Medical therapy may have a role in at least three conditions:
Treat underlying etiology if reversible (i.e. tuberculosis, to reduce risk of progression to constriction)
Treat underlying inflammation to resolve transient constriction (as evidenced by elevated inflammatory markers and imaging findings) – treatments include colchicine, NSAIDS, prednisone, etc.1,6,7
Symptomatic management of right heart failure (i.e. diuretics)
It is important to keep in mind that, if pericardiectomy is possible, medical therapy should not delay the procedure, unless surgery is high risk or contraindicated.

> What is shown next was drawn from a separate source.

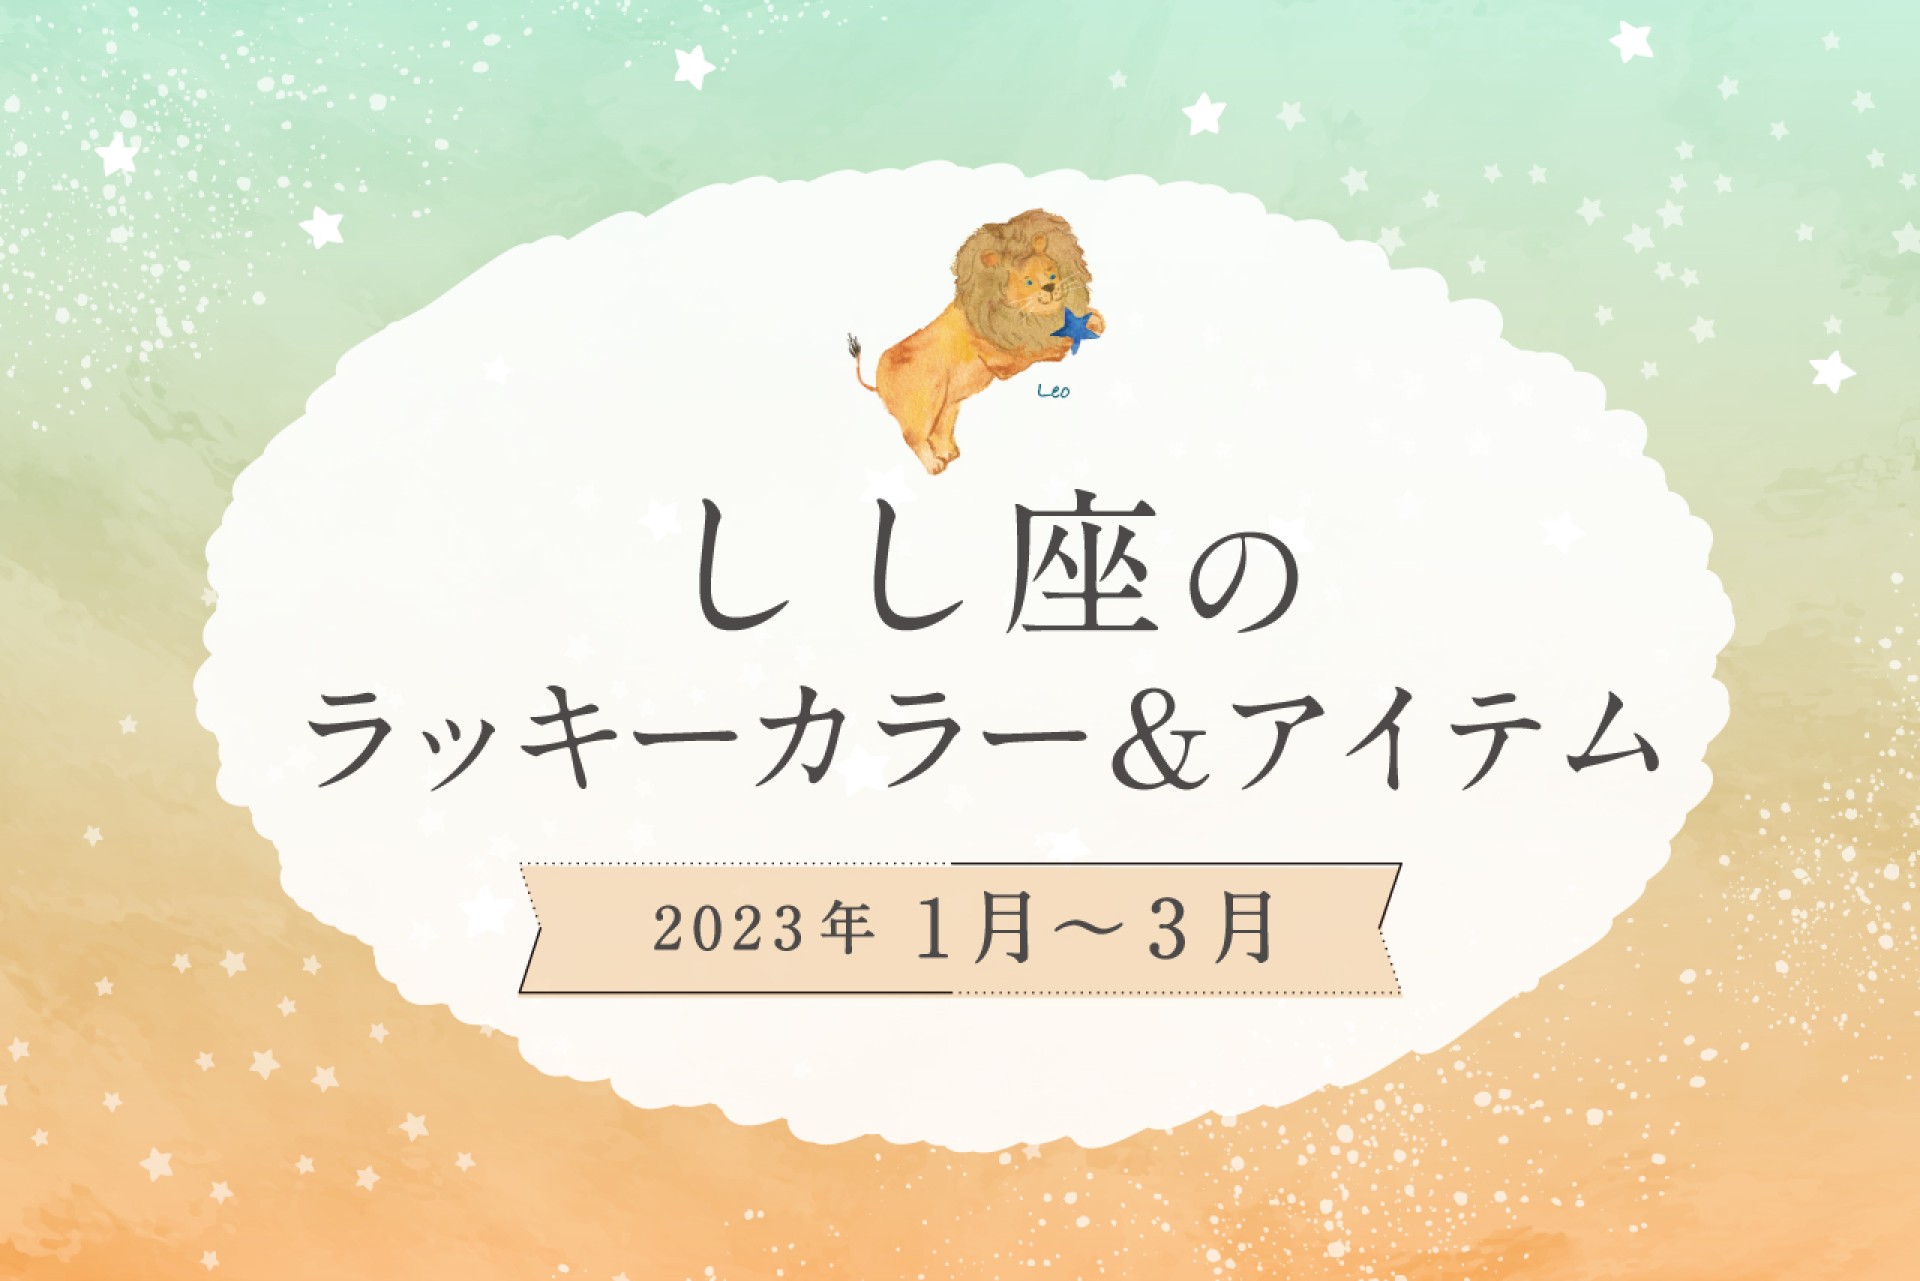 しし座のラッキーカラーとラッキーアイテム【2022年1月・2月・3月】

Based on this case, the patient appears to have developed chronic constrictive pericarditis over time, possibly since her first presentation for palpitations, hypotension and edema, two years before referral to pericardiectomy. Furthermore, supporting imaging findings of a significant calcium burden (CT and chest X-ray, constrictive physiology by echo, MRI and catheterization, with negative inflammatory biomarkers (CRP and WSR) along with no signs of pericardial inflammation on CMR suggested a more chronic course. Most importantly, right heart failure resulting in underlying cirrhosis, with established portal hypertension and thrombocytopenia, meant that referral for pericardiectomy was the most appropriate course of management before she developed more significant liver dysfunction, which would have precluded surgery. She underwent successful pericardiectomy two months after presentation and continued to do well after surgery, completing cardiac rehabilitation. Diuretics were progressively tapered off and her platelet count stabilized. She continues to do well months after the procedure.
References
Adler Y, Charron P, Imazio M, et al. The 2015 ESC guidelines on the diagnosis and management of pericardial diseases. Eur Heart J 2015;36:2921-64.
Geske JB, Anavekar NS, Nishimura RA, Oh JK, Gersh BJ. Differentiation of constriction and restriction: complex cardiovascular hemodynamics. J Am Coll Cardiol 2016;68:2329-47.
Chetrit M, Xu B, Kwon DH, et al. Imaging-guided therapies for pericardial diseases. JACC Cardiovasc Imaging 2019. [Epub ahead of print].
Unai S, Johnston DR. Radical pericardiectomy for pericardial diseases. Curr Cardiol Rep 2019;21:6.
Talreja DR, Nishimura RA, Oh JK, Holmes DR. Constrictive pericarditis in the modern era: novel criteria for diagnosis in the cardiac catheterization laboratory. J Am Coll Cardiol 2008;51:315-9.
Haley JH, Tajik AJ, Danielson GK, Schaff HV, Mulvagh SL, Oh JK. Transient constrictive pericarditis: causes and natural history. J Am Coll Cardiol 2004;43:271-5.
Cremer PC, Kumar A, Kontzias A, et al. Complicated pericarditis: understanding risk factors and pathophysiology to inform imaging and treatment. J Am Coll Cardiol 2016;68:2311-28.